### DATA FOR THE TASK
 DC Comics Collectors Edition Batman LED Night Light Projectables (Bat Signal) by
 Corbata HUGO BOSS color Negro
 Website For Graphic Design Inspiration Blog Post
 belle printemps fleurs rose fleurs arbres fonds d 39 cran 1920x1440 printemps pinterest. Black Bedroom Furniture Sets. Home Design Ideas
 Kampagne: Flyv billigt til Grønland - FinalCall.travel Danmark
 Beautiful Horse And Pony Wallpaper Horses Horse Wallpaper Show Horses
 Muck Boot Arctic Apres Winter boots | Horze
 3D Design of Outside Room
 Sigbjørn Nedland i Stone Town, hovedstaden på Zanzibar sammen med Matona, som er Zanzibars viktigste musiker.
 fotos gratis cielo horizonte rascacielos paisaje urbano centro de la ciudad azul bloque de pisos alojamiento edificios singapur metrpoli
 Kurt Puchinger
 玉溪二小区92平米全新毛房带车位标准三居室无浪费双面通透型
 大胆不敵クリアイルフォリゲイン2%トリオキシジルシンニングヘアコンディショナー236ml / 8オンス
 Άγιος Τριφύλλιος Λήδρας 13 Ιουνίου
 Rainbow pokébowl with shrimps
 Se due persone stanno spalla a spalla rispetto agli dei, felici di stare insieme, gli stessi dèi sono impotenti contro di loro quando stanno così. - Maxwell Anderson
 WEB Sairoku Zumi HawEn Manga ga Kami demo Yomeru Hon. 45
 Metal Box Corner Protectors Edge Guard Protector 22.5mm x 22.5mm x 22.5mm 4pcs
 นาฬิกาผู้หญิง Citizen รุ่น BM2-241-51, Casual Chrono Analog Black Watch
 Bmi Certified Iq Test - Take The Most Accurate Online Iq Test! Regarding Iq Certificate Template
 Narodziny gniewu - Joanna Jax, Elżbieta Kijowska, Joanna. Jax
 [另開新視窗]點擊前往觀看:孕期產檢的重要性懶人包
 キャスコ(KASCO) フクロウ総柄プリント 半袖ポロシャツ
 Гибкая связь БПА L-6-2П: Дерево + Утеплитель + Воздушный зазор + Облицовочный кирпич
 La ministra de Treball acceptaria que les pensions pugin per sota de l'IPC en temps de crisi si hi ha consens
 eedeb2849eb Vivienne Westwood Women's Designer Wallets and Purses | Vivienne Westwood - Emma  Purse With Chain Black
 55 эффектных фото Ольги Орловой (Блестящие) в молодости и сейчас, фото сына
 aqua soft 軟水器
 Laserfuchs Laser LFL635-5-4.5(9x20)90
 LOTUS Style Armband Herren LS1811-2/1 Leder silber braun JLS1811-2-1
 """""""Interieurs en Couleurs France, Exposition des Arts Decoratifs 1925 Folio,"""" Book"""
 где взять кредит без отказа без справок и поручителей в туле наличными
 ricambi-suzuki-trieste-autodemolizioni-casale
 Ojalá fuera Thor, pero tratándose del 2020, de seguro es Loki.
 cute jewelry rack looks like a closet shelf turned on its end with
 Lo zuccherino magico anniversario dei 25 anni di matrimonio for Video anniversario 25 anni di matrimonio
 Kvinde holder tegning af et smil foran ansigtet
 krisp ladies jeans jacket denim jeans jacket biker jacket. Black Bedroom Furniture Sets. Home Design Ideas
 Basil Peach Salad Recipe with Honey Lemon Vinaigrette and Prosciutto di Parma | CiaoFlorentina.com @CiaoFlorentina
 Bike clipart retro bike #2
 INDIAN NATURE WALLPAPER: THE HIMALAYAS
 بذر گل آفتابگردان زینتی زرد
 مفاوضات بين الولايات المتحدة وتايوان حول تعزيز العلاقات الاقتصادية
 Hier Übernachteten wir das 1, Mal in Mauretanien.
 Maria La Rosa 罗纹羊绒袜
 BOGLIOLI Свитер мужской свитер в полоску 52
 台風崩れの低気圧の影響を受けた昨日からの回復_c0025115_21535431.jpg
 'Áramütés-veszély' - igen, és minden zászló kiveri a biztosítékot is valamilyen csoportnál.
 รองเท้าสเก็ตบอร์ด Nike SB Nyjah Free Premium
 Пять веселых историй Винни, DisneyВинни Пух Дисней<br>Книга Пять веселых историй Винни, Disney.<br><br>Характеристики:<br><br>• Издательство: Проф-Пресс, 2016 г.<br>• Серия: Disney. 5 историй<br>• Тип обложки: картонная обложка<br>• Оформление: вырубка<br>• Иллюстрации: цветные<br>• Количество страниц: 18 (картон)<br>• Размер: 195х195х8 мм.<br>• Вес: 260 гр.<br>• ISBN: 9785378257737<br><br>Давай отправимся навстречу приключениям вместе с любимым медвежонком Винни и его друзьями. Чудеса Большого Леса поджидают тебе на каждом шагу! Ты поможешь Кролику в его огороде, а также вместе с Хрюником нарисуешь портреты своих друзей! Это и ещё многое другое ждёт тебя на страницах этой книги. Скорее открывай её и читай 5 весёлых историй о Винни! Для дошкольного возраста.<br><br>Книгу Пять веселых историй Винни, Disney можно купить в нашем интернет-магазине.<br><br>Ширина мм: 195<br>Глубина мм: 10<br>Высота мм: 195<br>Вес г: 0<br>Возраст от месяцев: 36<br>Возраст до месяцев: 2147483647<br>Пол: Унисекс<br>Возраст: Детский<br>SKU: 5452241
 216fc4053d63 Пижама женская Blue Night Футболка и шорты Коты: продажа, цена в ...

### EXERCISE DESCRIPTION
Please copy, word for word, every line from the first line of the records through the line containing "キャスコ(KASCO) フクロウ総柄プリント 半袖ポロシャツ", with both of those lines included and nothing else.

### OUTPUT FOR THIS TASK
 DC Comics Collectors Edition Batman LED Night Light Projectables (Bat Signal) by
 Corbata HUGO BOSS color Negro
 Website For Graphic Design Inspiration Blog Post
 belle printemps fleurs rose fleurs arbres fonds d 39 cran 1920x1440 printemps pinterest. Black Bedroom Furniture Sets. Home Design Ideas
 Kampagne: Flyv billigt til Grønland - FinalCall.travel Danmark
 Beautiful Horse And Pony Wallpaper Horses Horse Wallpaper Show Horses
 Muck Boot Arctic Apres Winter boots | Horze
 3D Design of Outside Room
 Sigbjørn Nedland i Stone Town, hovedstaden på Zanzibar sammen med Matona, som er Zanzibars viktigste musiker.
 fotos gratis cielo horizonte rascacielos paisaje urbano centro de la ciudad azul bloque de pisos alojamiento edificios singapur metrpoli
 Kurt Puchinger
 玉溪二小区92平米全新毛房带车位标准三居室无浪费双面通透型
 大胆不敵クリアイルフォリゲイン2%トリオキシジルシンニングヘアコンディショナー236ml / 8オンス
 Άγιος Τριφύλλιος Λήδρας 13 Ιουνίου
 Rainbow pokébowl with shrimps
 Se due persone stanno spalla a spalla rispetto agli dei, felici di stare insieme, gli stessi dèi sono impotenti contro di loro quando stanno così. - Maxwell Anderson
 WEB Sairoku Zumi HawEn Manga ga Kami demo Yomeru Hon. 45
 Metal Box Corner Protectors Edge Guard Protector 22.5mm x 22.5mm x 22.5mm 4pcs
 นาฬิกาผู้หญิง Citizen รุ่น BM2-241-51, Casual Chrono Analog Black Watch
 Bmi Certified Iq Test - Take The Most Accurate Online Iq Test! Regarding Iq Certificate Template
 Narodziny gniewu - Joanna Jax, Elżbieta Kijowska, Joanna. Jax
 [另開新視窗]點擊前往觀看:孕期產檢的重要性懶人包
 キャスコ(KASCO) フクロウ総柄プリント 半袖ポロシャツ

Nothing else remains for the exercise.